Please make sure what you return matches the listing below exactly, minus its pictures.

DATASET SECTION:

--- START ---

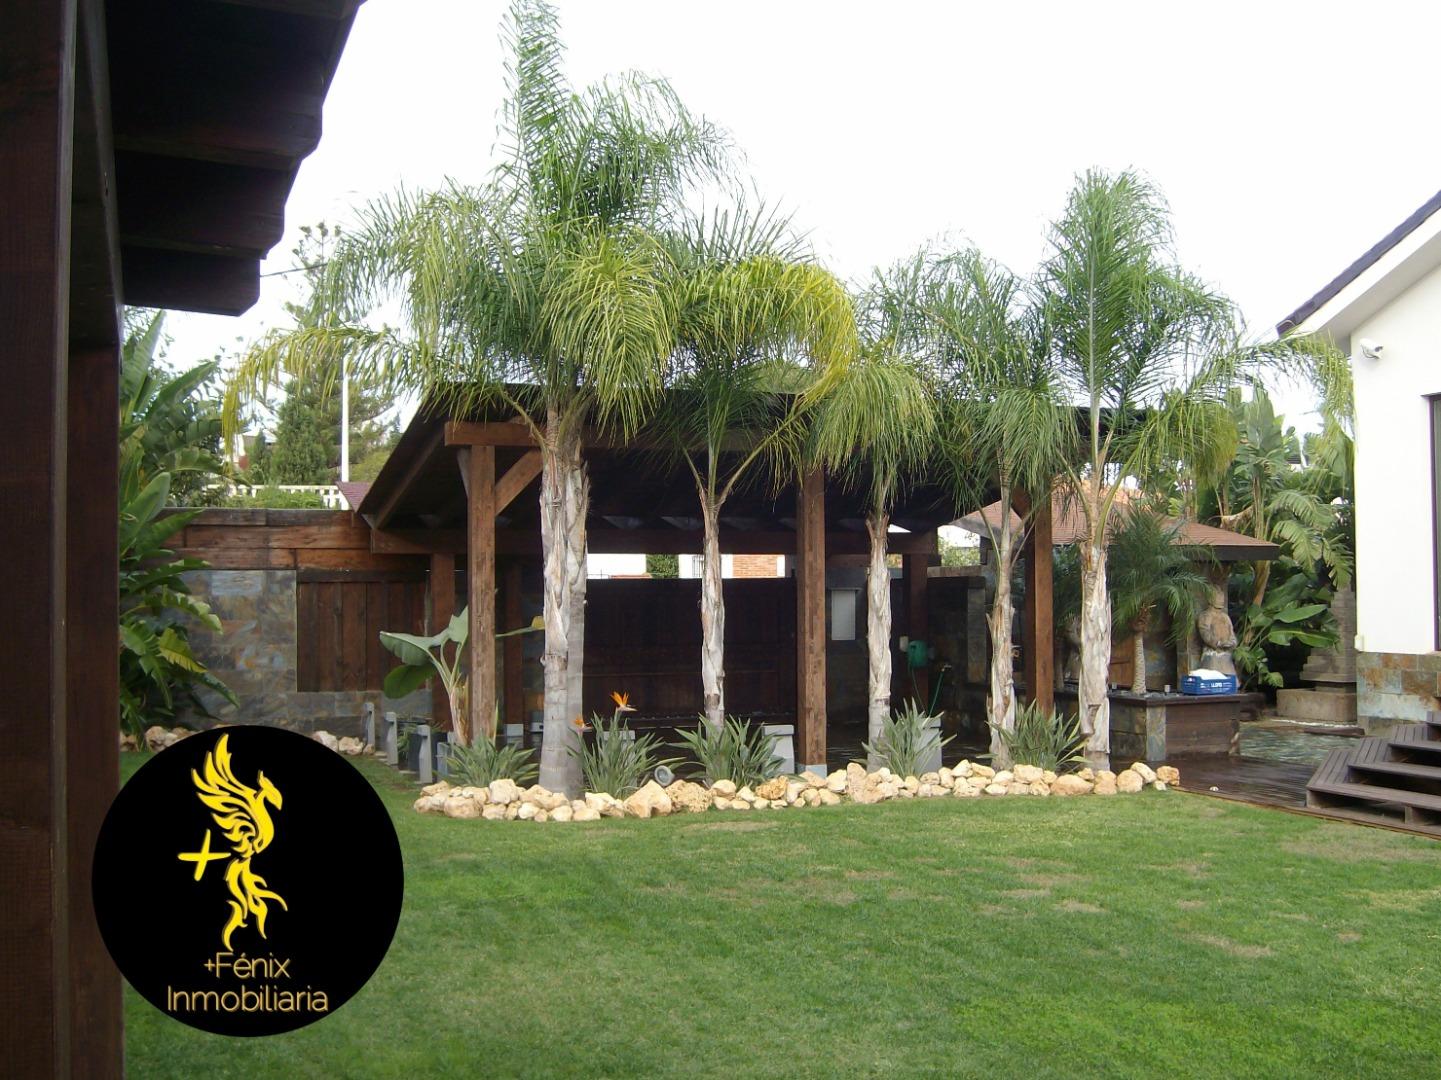 Location Maison  La pobla de vallbona - urbanización san martín - les penyes - vi. Se vende  espectacular chalet de diseño con encanto. tiene  350
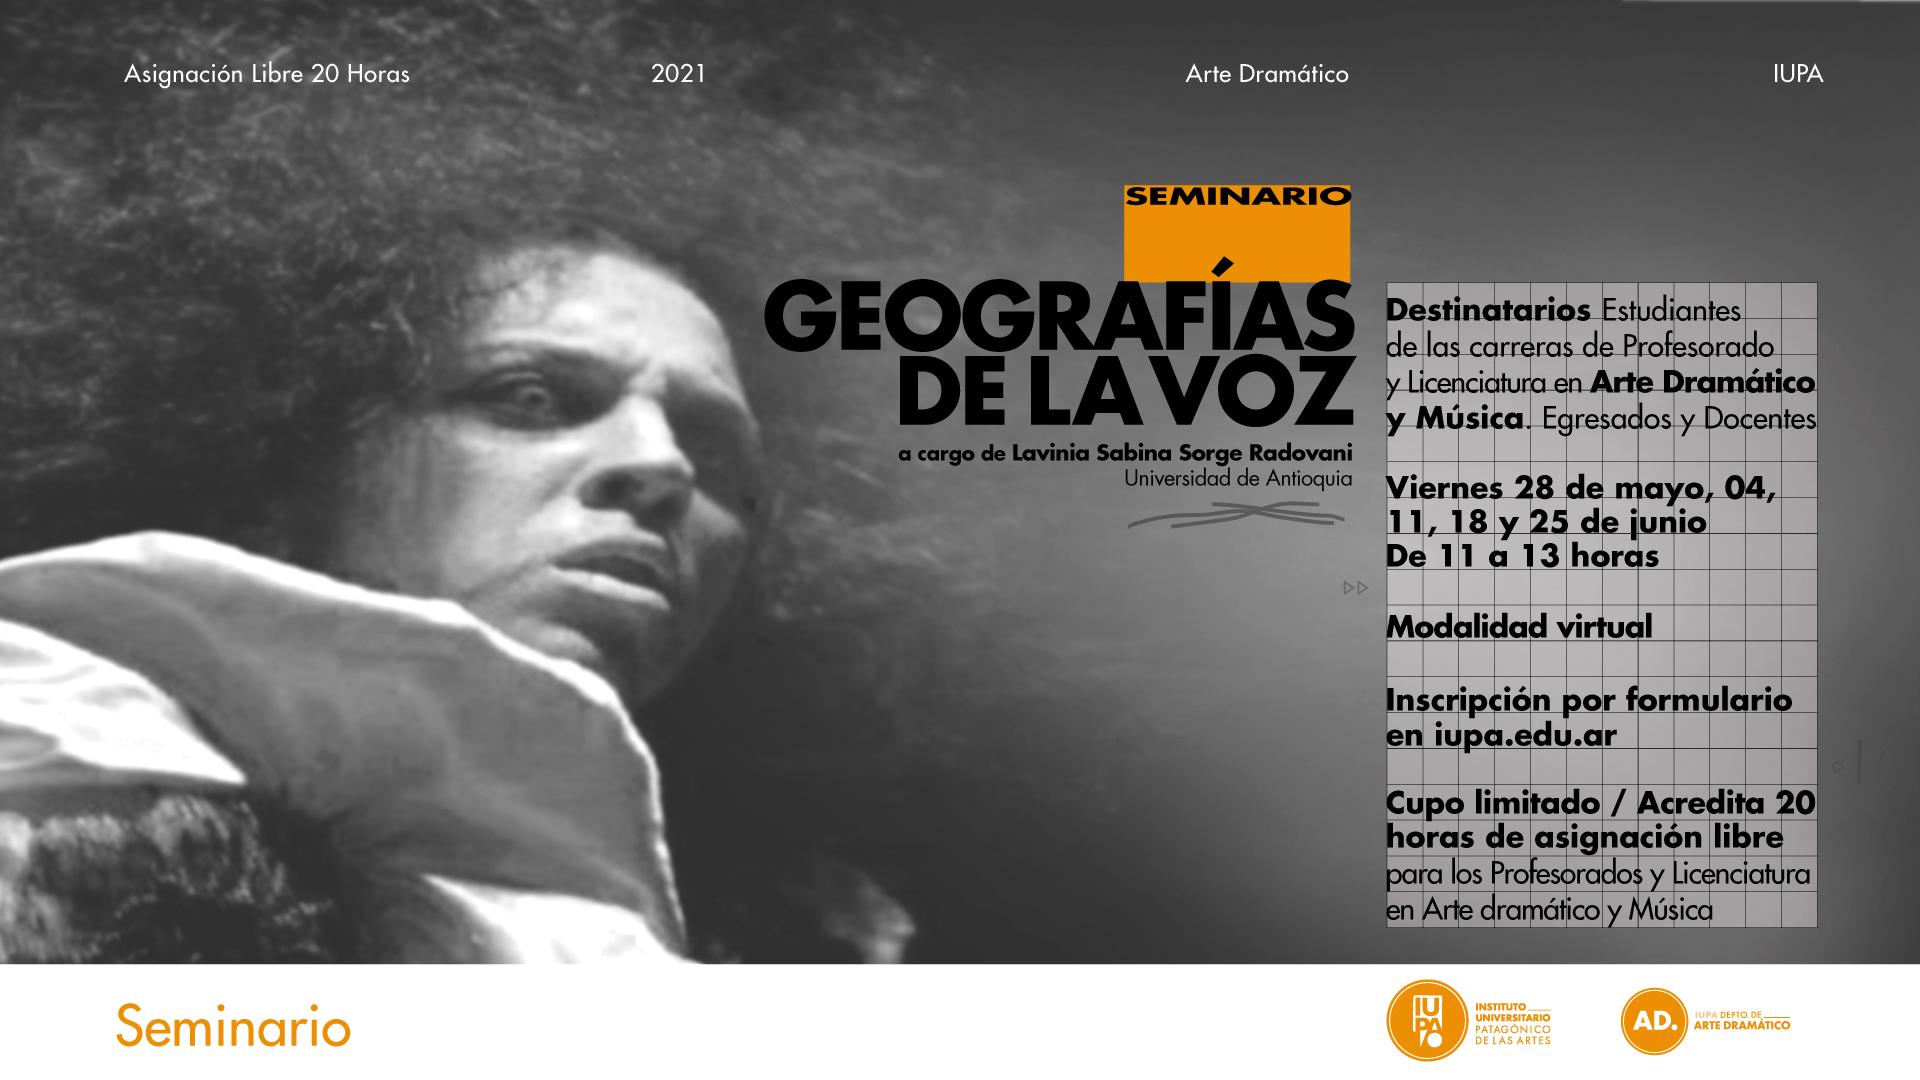 flyer seminario Geografìas de la voz
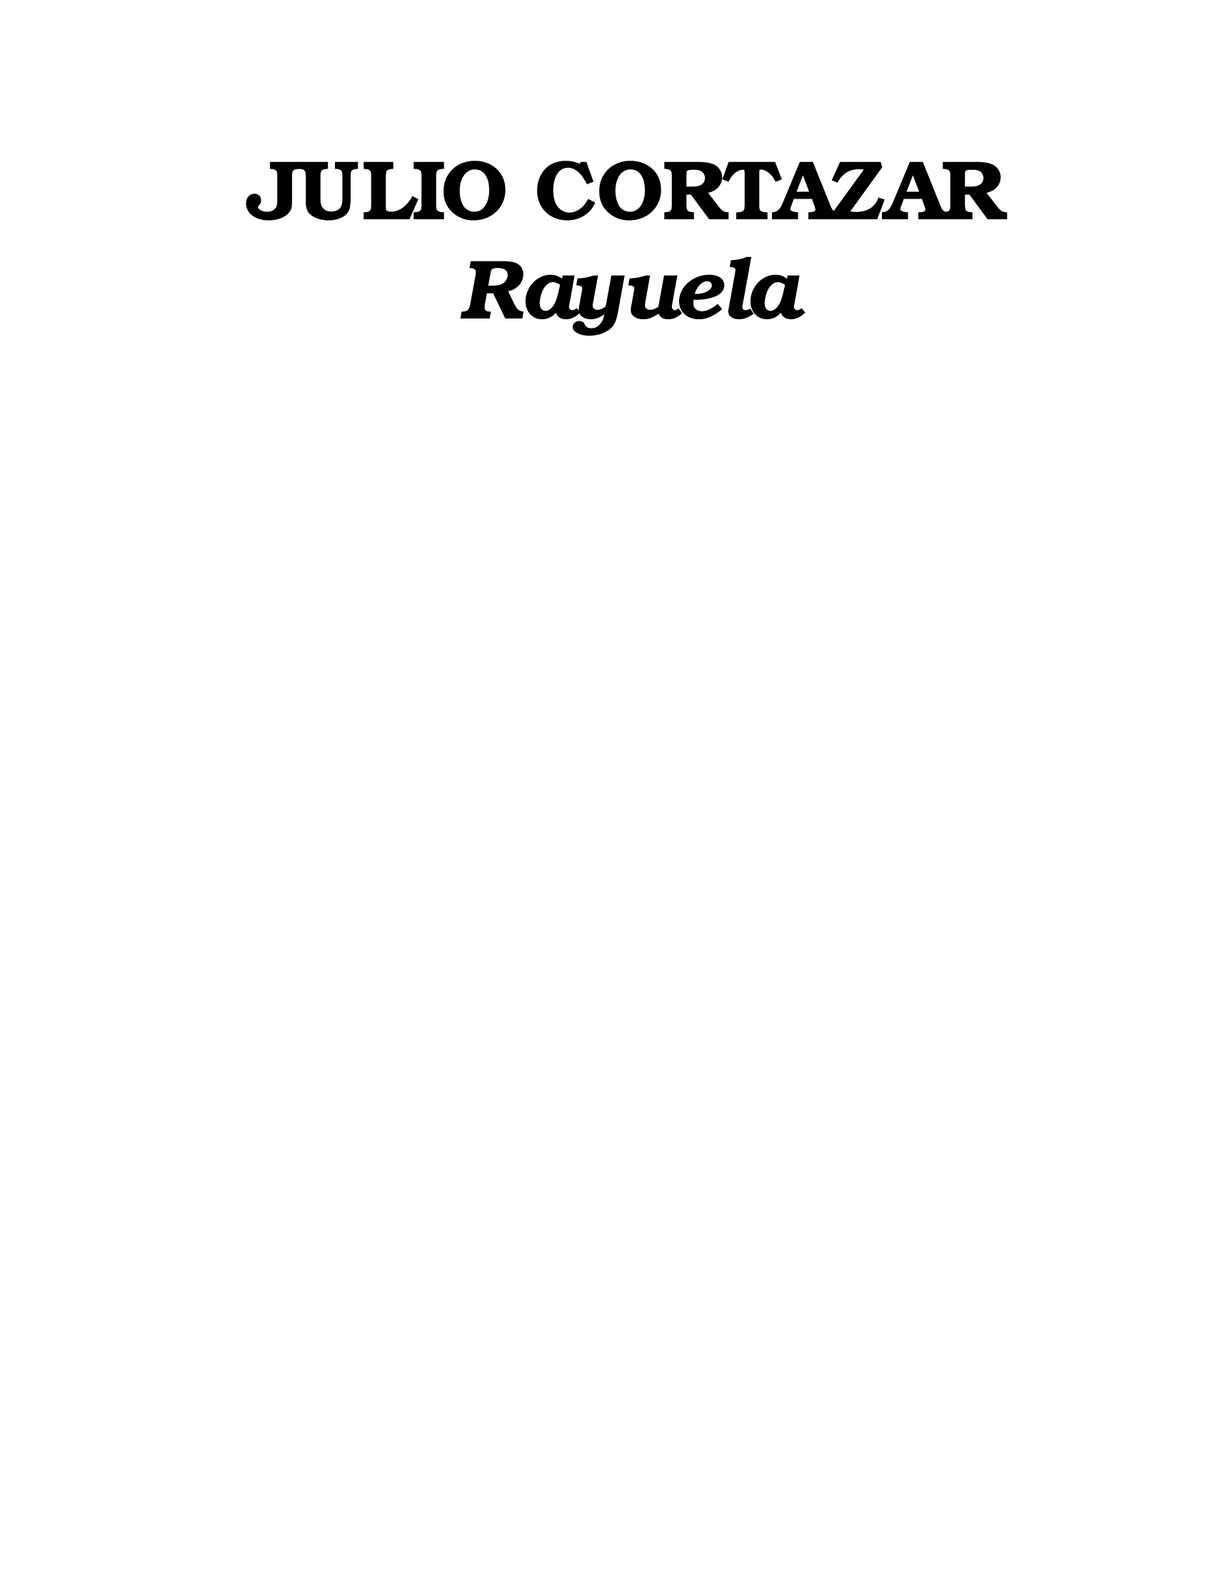 Calaméo - 8 Cielo Rayuela Libro 679991826004
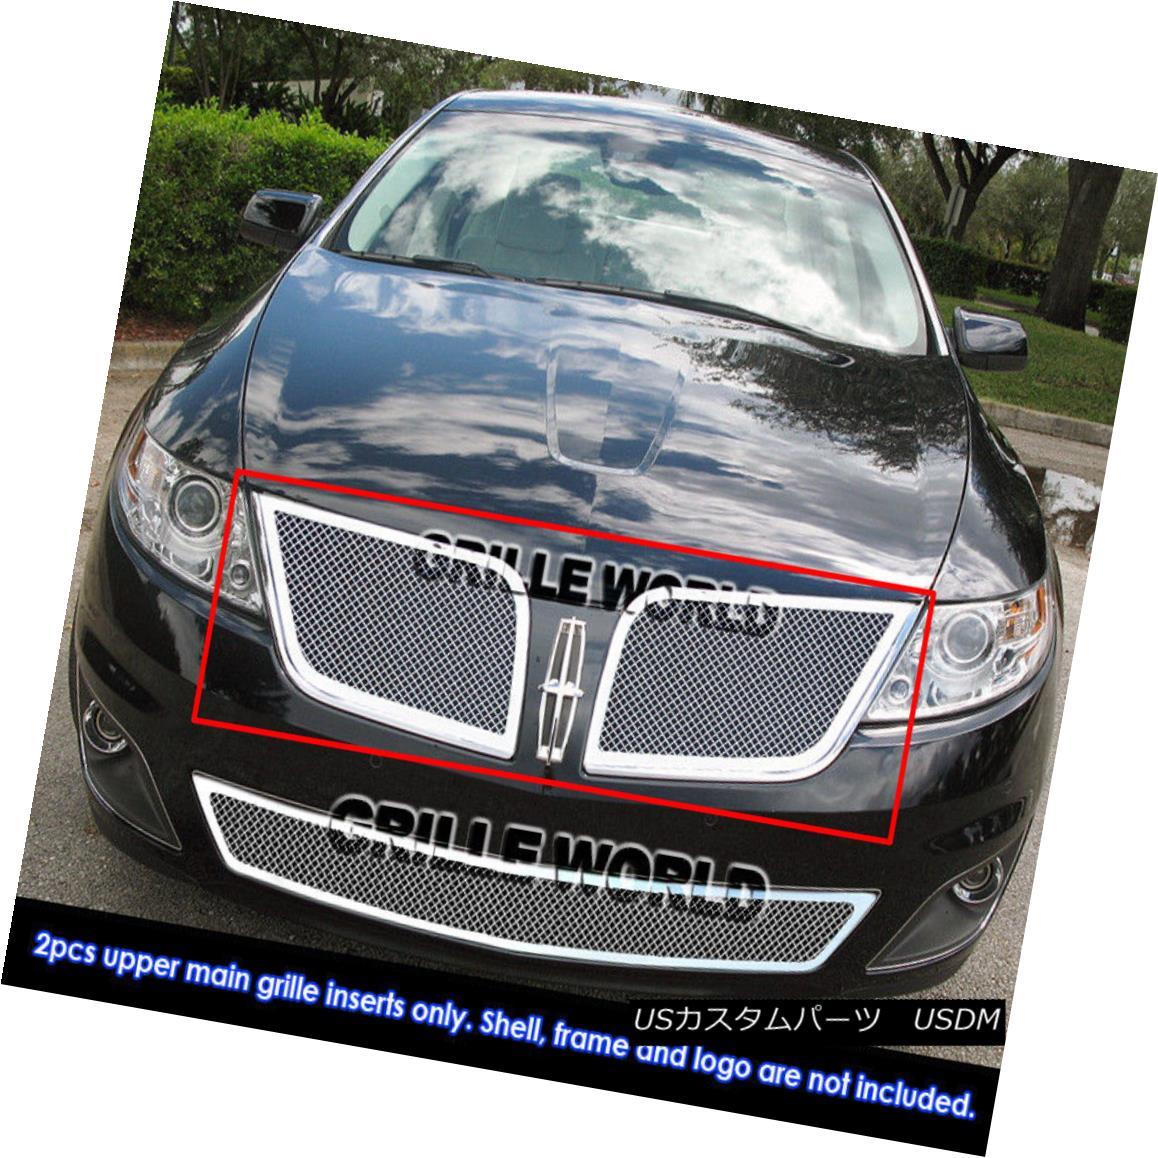 グリル For 09-10 Lincoln MKS Stainless Steel Mesh Grille Insert 09-10リンカーンMKSステンレスメッシュグリルインサート

--- END ---

TASK ANSWER:
 Location Maison  La pobla de vallbona - urbanización san martín - les penyes - vi. Se vende  espectacular chalet de diseño con encanto. tiene  350
 flyer seminario Geografìas de la voz
 Calaméo - 8 Cielo Rayuela Libro 679991826004
 グリル For 09-10 Lincoln MKS Stainless Steel Mesh Grille Insert 09-10リンカーンMKSステンレスメッシュグリルインサート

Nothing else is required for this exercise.